Wednesday, February 25, 2009

Arbitration

Arbitration – “till death do you part” may apply in marriage, but does not apply in arbitration. On February 13, 2009 our Texas Supreme Court issued an opinion (In Re Labatt Food Service, L.P. – No. 07-0419)which held that an arbitration provision in an agreement between a person who died on the job and his employer was binding upon his heirs even though they did not sign the agreement. The court concluded that the arbitration clause was binding and the decision as to whether even the agreement itself was enforceable would have to be decided by the arbitrator. The original concept of arbitration was one of cost savings in terms of reducing the expense of lawyers, discovery and time to get an issue resolved. It has instead proven to be as, if not more expensive and take longer than litigation without any of the safeguards built into our civil justice system. I am a firm opponent to arbitration and have huge concerns regarding the uneven playing field before a single arbitrator or panel that is selected by the parties.
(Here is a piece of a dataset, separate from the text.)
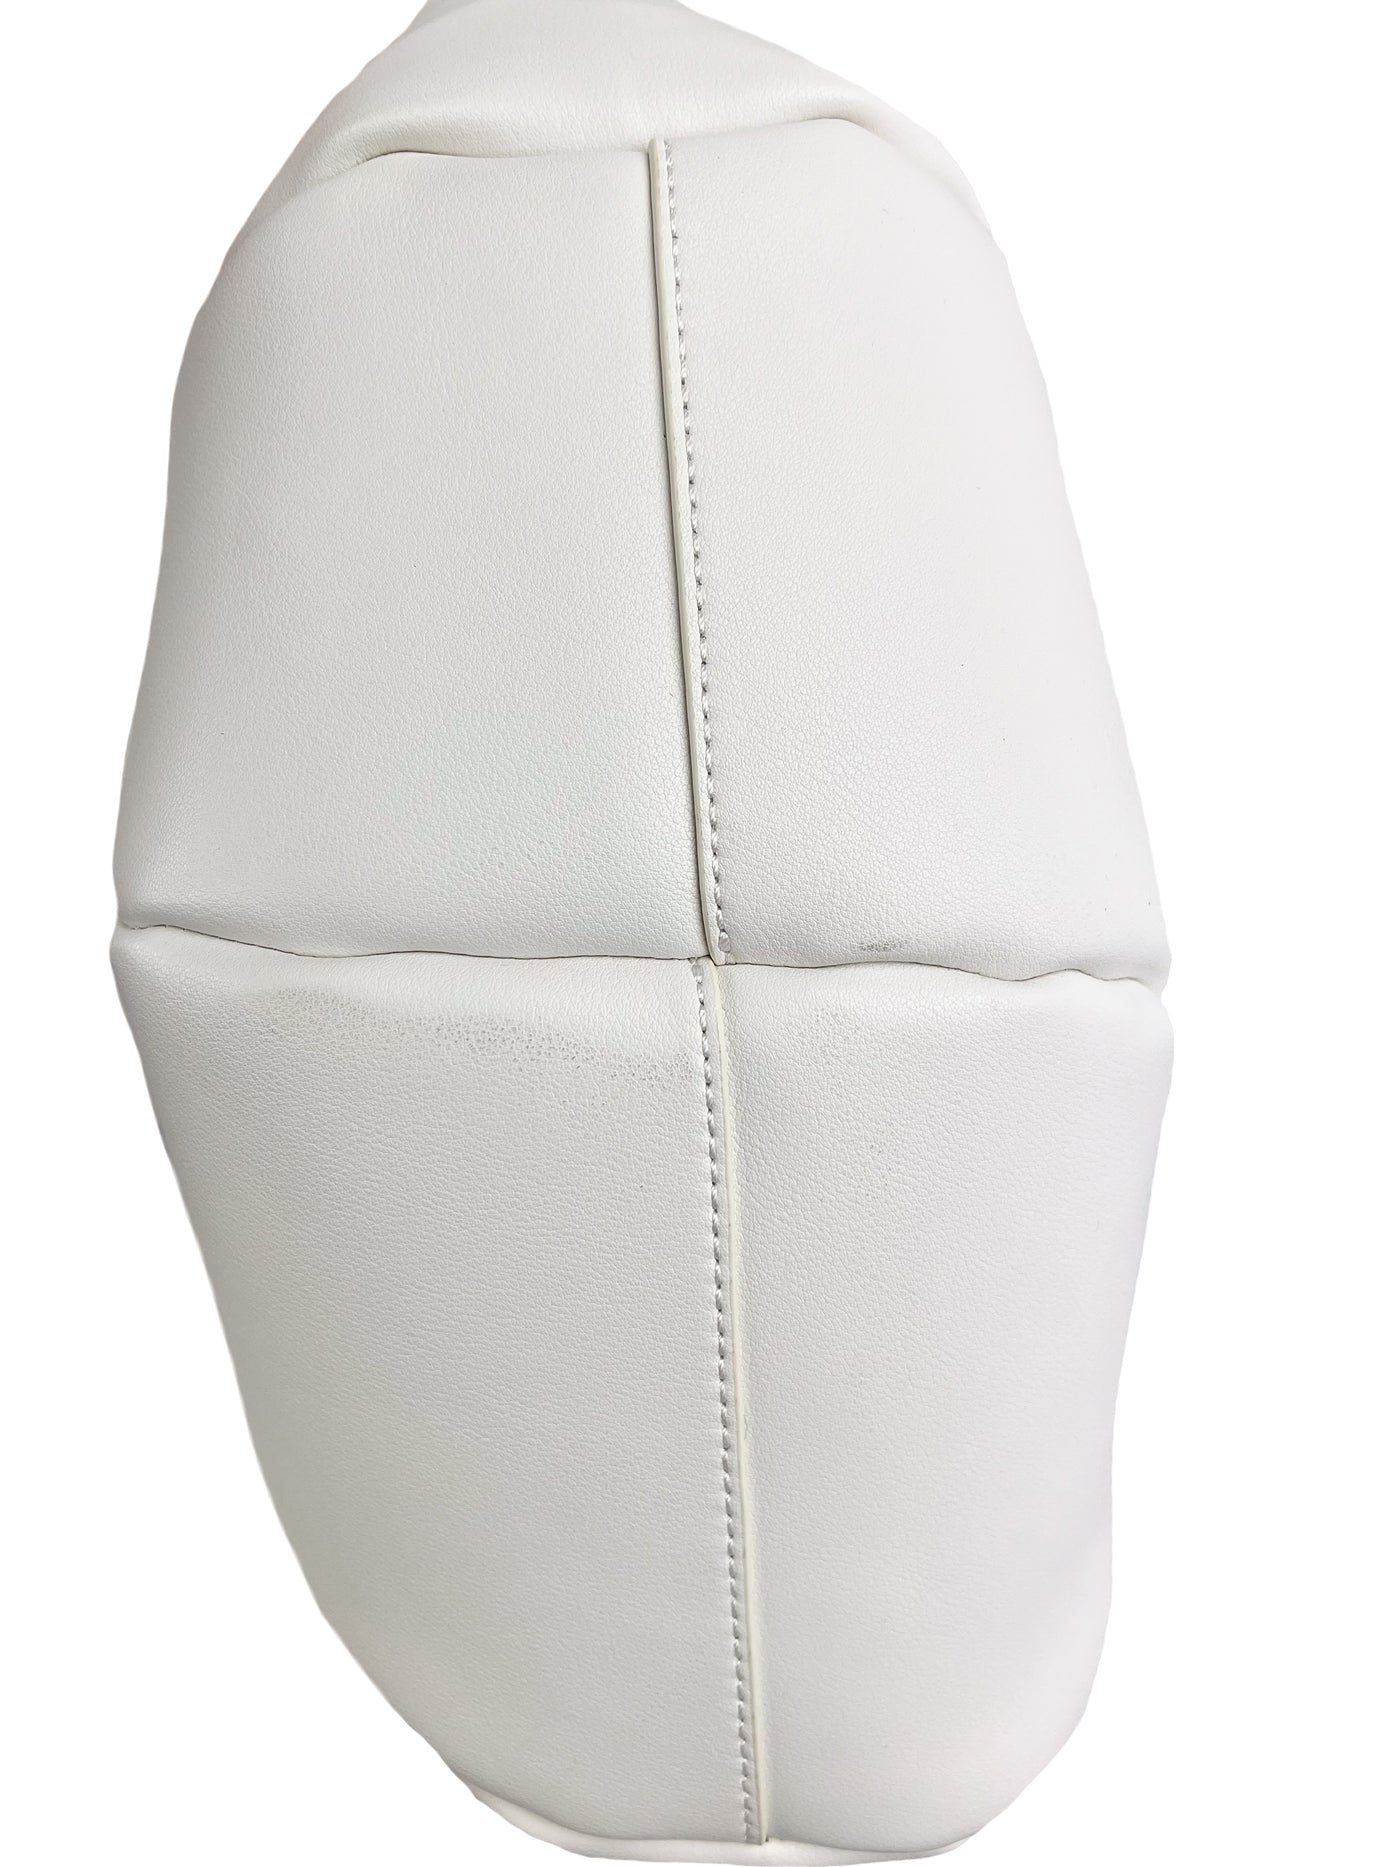 Exclusive Designer Twisted 208 Leather Handbag in White - Discounts on Exclusive Designer at UAL

One concern is the appearance of bias when one party regularly appears before the arbitrator and the other has only one case. Also the decision of the arbitrator is generally final without recourse or appeal, whereas in trial you present your case to a jury from your jurisdiction. That jury’s decision is based upon the law as administered by the Court and if warranted either side can appeal the decision. My advice is not to agree to arbitration. If arbitration language is included in an agreement strike it out before signing and if the other side insists on the arbitration language you have to decide if it is worth the loss of your rights under our justice system. Also ask yourself if they want arbitration so bad, they must have a reason to believe it will benefit them and not provide an equal playing field. The time to deal with an arbitration clause is before you sign the agreement because, as our Supreme Court has held, even death can’t get you out of them once it has been signed. As always I welcome your comments.